A última instância democraticamente eleita que restava na Venezuela foi sentenciada à morte nas recentes eleições legislativas. A votação, decretada pelo palácio de Miraflores, marca a conclusão de uma série de ataques ininterruptos contra a maior vitória política que a oposição registrou na Venezuela em duas décadas.

Foi um assédio agressivo, por todos os flancos, que durou por todo o mandato da Assembleia: perseguições e encarceramento de deputados, ataques armados ao plenário em meio a sessões, cortes de orçamento, bloqueio de todos os poderes constitucionais e sequestro da competência para apontar autoridades eleitorais.

Trata-se do maior ataque autoritário –por larga margem– a um Legislativo funcional latino-americano em muitas décadas.

Nicolás Maduro comemora vitória de seu partido nas eleições legislativas, boicotadas pela oposição
Nicolás Maduro comemora vitória de seu partido nas eleições legislativas, boicotadas pela oposição - Manaure Quintero - 8.dez.20/Reuters

Isso acontece à medida que avança a violação maciça de direitos humanos, a destruição do tecido produtivo e o recrudescimento do isolamento internacional do país.
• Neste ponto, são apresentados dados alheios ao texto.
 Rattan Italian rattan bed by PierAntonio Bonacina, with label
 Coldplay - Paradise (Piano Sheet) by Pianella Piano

Uma atuação governamental em que a integridade eleitoral, os direitos civis, os serviços públicos ou a segurança alimentar da população parecem interessar em quase nada às autoridades, diante de sua aspiração ao controle total do Estado.

Perante esse contexto, e diante da versão mais agressiva do chavismo, a convocação para as eleições à Assembleia Nacional representou a oportunidade para desferir a estocada final ao âmbito institucional em que a oposição conquistou seus maiores avanços políticos.
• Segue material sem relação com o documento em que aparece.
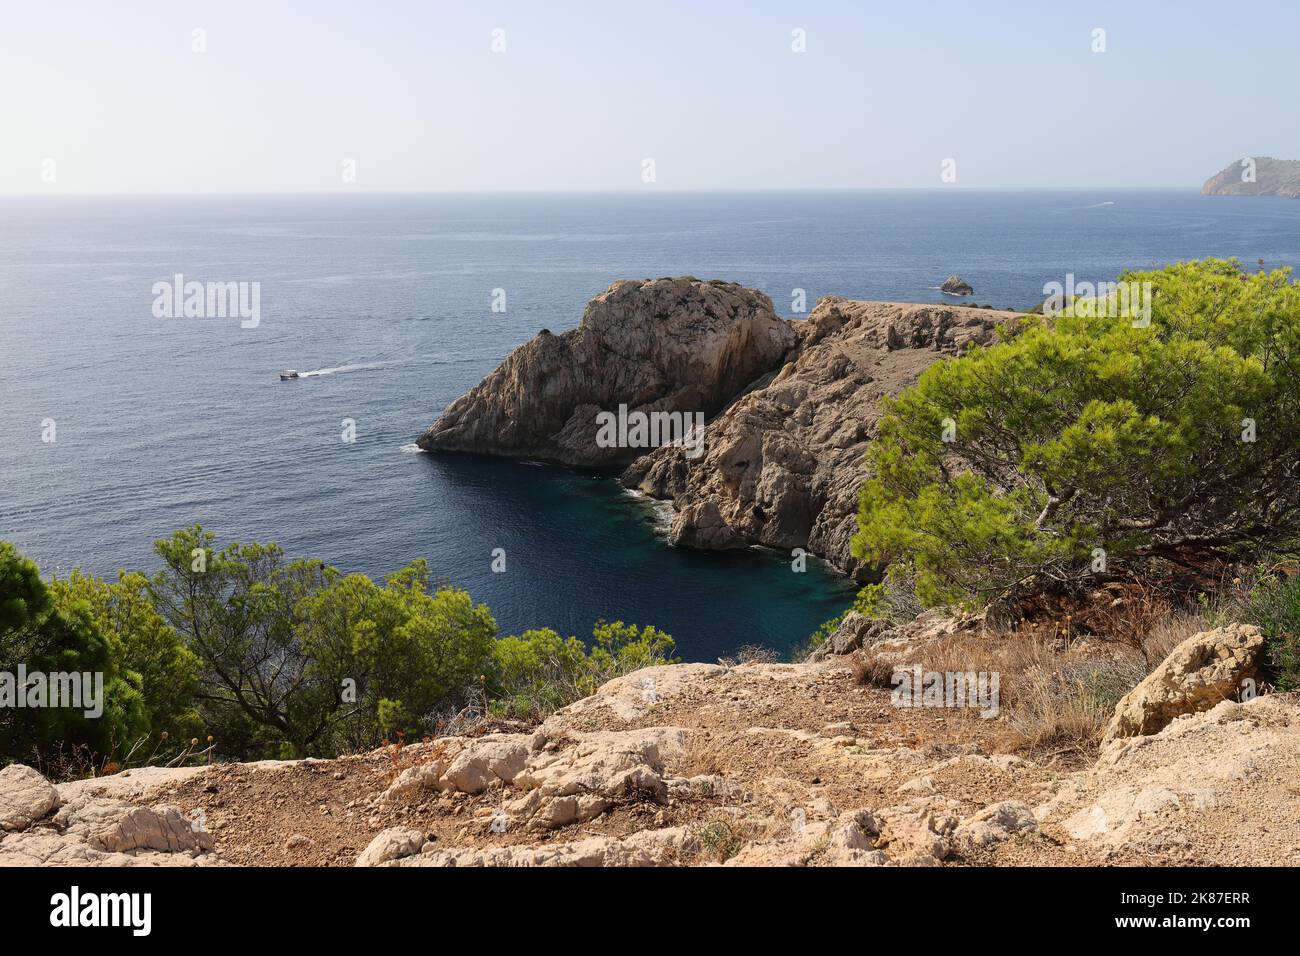 Vue dans une belle petite baie près de Cala Ratjada, Majorque avec des affleurements rocheux et une végétation verte en premier plan Banque D'Images

Apesar do assédio, desde janeiro de 2019, e graças principalmente à legitimidade eleitoral de 2015, a oposição pôde exercer considerável influência, nacional e internacional. Ainda assim, a tendência crescente à abstenção surgida em 2017 terminou por favorecer a deriva autoritária e o desmantelamento da institucionalidade.

Eleição sem eleitores e sem vencedores

Concluída a contagem dos poucos votos válidos, o Conselho Nacional Eleitoral (CNE) anunciou os resultados na madrugada de 7 de dezembro. Apesar da credibilidade precária, os dados mostram uma queda inocultável na participação, de 74% dos eleitores em 2015 a 30,5% na mais recente votação.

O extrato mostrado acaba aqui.